5.2.1 Arrangements - GCEALevelMaths9709

In this topic we will learn how to

solve problems about arrangements of objects in a line, including those involving
repetition
restriction

If objects are arranged in a line, we can determine the total number of different possible arrangements. We could do it manually by considering all possible arrangements but that would be tedious. So instead we will use $n!$ , which is read as ‘ $n$ factorial’, where $n$ represents the number of objects to be arranged.

Considering that there are no repetitions or restrictions, if we have $5$ objects arranged in a line, then the total number of different arrangements possible would be $5!$ . We can simplify this using a calculator. Therefore our final answer would be,
$5! = 120$ In a case where there are repetitions we would have to cater for those repetitions.
Let’s look at an example.

Example 1
Find the total number of different arrangements of the $8$ letters in the word
$\textmd{N\textcolor{#2192ff}{EE}DL\textcolor{#2192ff}{E}\textcolor{#0f0}{SS}}$ Using the idea above, our answer would be,
$8!$ However, since the letters, E, and S are repeated, we have to divide by the factorial of the number of times the letter appears. For example, if the letter appears twice, divide by $2!$ , if the letter appears thrice, divide by $3!$ , etc,
$\frac{8!}{\textcolor{#2192ff}{3!} \times \textcolor{#0f0}{2!}}$ If you punch that into the calculator, you get,
$3\ 360$ Therefore, the final answer would be,
$3\ 360$

In some cases, the question will give you certain restrictions.
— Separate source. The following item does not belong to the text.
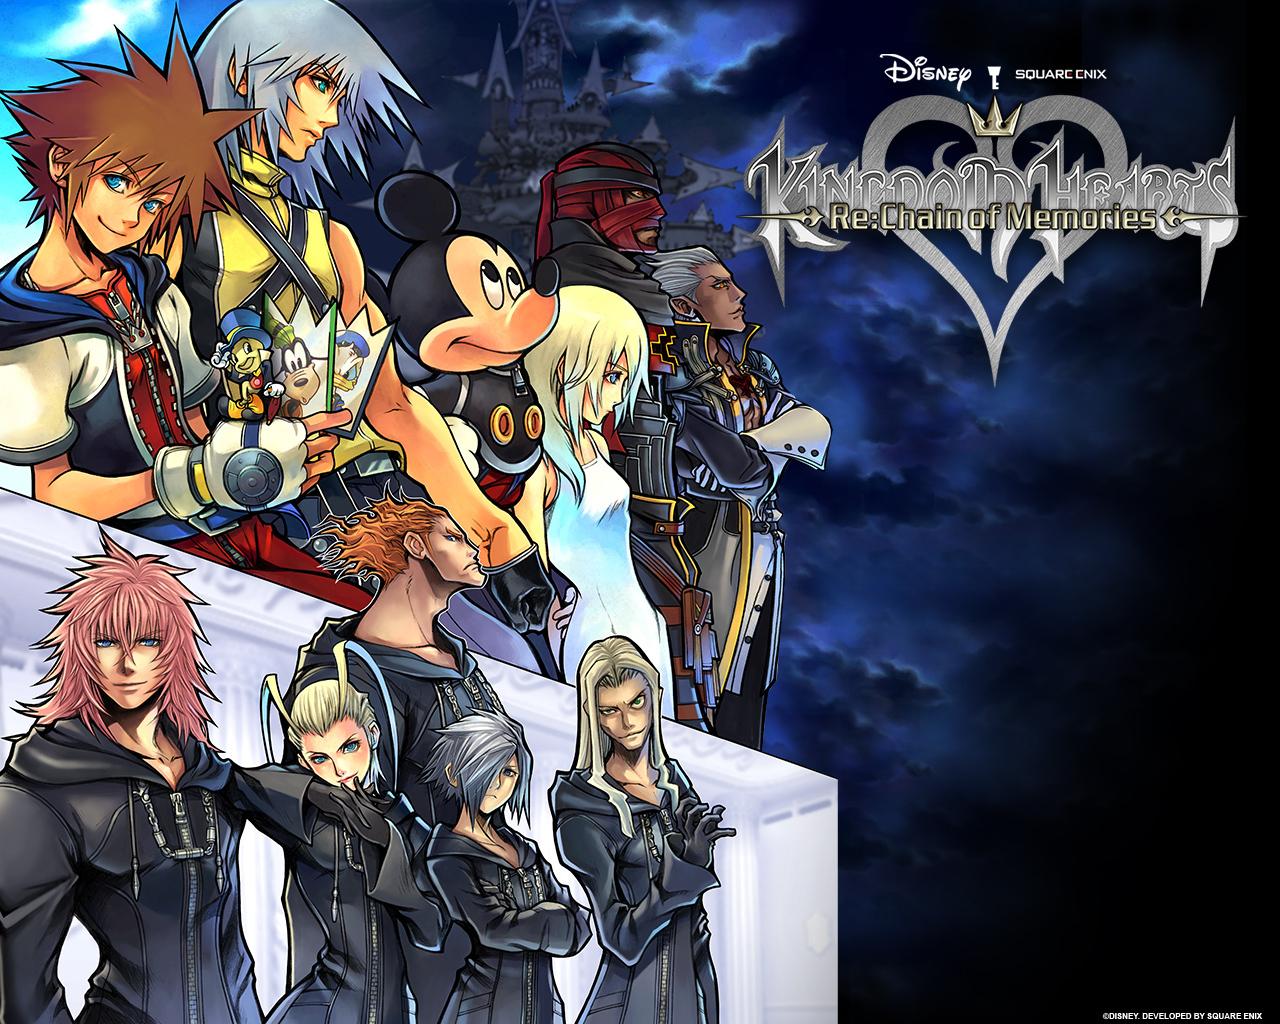 Official Kingdom Hearts Wallpaper kingdom hearts series 2754173 1280 1280x1024

We will look at how to deal with restrictions in the questions below.

Let’s look at some past paper questions.

1. (a) Find the total number of different arrangements of the $11$ letters in the word CATERPILLAR. (9709/52/F/M/21 number 6)
$\textmd{C\textcolor{#2192ff}{A}TE\textcolor{#0f0}{R}PI\textcolor{red}{LL}\textcolor{#2192ff}{A}\textcolor{#0f0}{R}}$ Since the word has $11$ letters, our first thought would be to say,
$11!$ Now let’s consider any repetitions. The letter R appears twice, so we will divide by $2!$ ,
$\frac{11!}{\textcolor{#0f0}{2!}}$ The letter A appears twice, so we will divide by $2!$ ,
$\frac{11!}{\textcolor{#0f0}{2!}\textcolor{#2192ff}{2!}}$ The letter L appears twice, so we will divide by $2!$ ,
$\frac{11!}{\textcolor{#0f0}{2!}\textcolor{#2192ff}{2!}\textcolor{red}{2!}}$ This simplifies to,
$4\ 989\ 600$ Therefore, the final answer is,
$4\ 989\ 600$ (b) Find the total number of different arrangements of the $11$ letters in the word CATERPILLAR in which there is an $R$ at the beginning and an R at the end, and the two As are not together.

In this question, you will notice that we have been restricted to keep both Rs at the ends and to keep the As apart from each other.

To find the total number of different arrangements starting and ending with an R and two As are not together, we have to consider the number of different arrangements starting and ending with an R but the two As are together then subtract that from the total number of different arrangements starting and ending with an R,

$\textmd{Total of R at ends and As not together = Total of R at ends }-\textmd{ Total of R at ends and As together}$

Let’s find the total number of arrangements when the Rs are at the ends and there are no other restrictions. It would look something like this,
$\underline{\textcolor{#0f0}{R}}\ \underline{C}\ \ \underline{A}\ \ \underline{T}\ \ \underline{E}\ \ \underline{P}\ \ \underline{I}\ \ \underline{L}\ \ \underline{L}\ \ \underline{A}\ \underline{\textcolor{#0f0}{R}}$ Since the Rs have fixed positions we can ignore them in the calculation,
$\underline{C}\ \ \underline{\textcolor{#2192ff}{A}}\ \ \underline{T}\ \ \underline{E}\ \ \underline{P}\ \ \underline{I}\ \ \underline{\textcolor{red}{L}}\ \ \underline{\textcolor{red}{L}}\ \ \underline{\textcolor{#2192ff}{A}}$ Now to find the total number of arrangements when the Rs are at the ends and there are no other restrictions, we say,
$\frac{9!}{\textcolor{#2192ff}{2!}\textcolor{red}{2!}}$ Note: $9!$ because there are a total of $9$ letters.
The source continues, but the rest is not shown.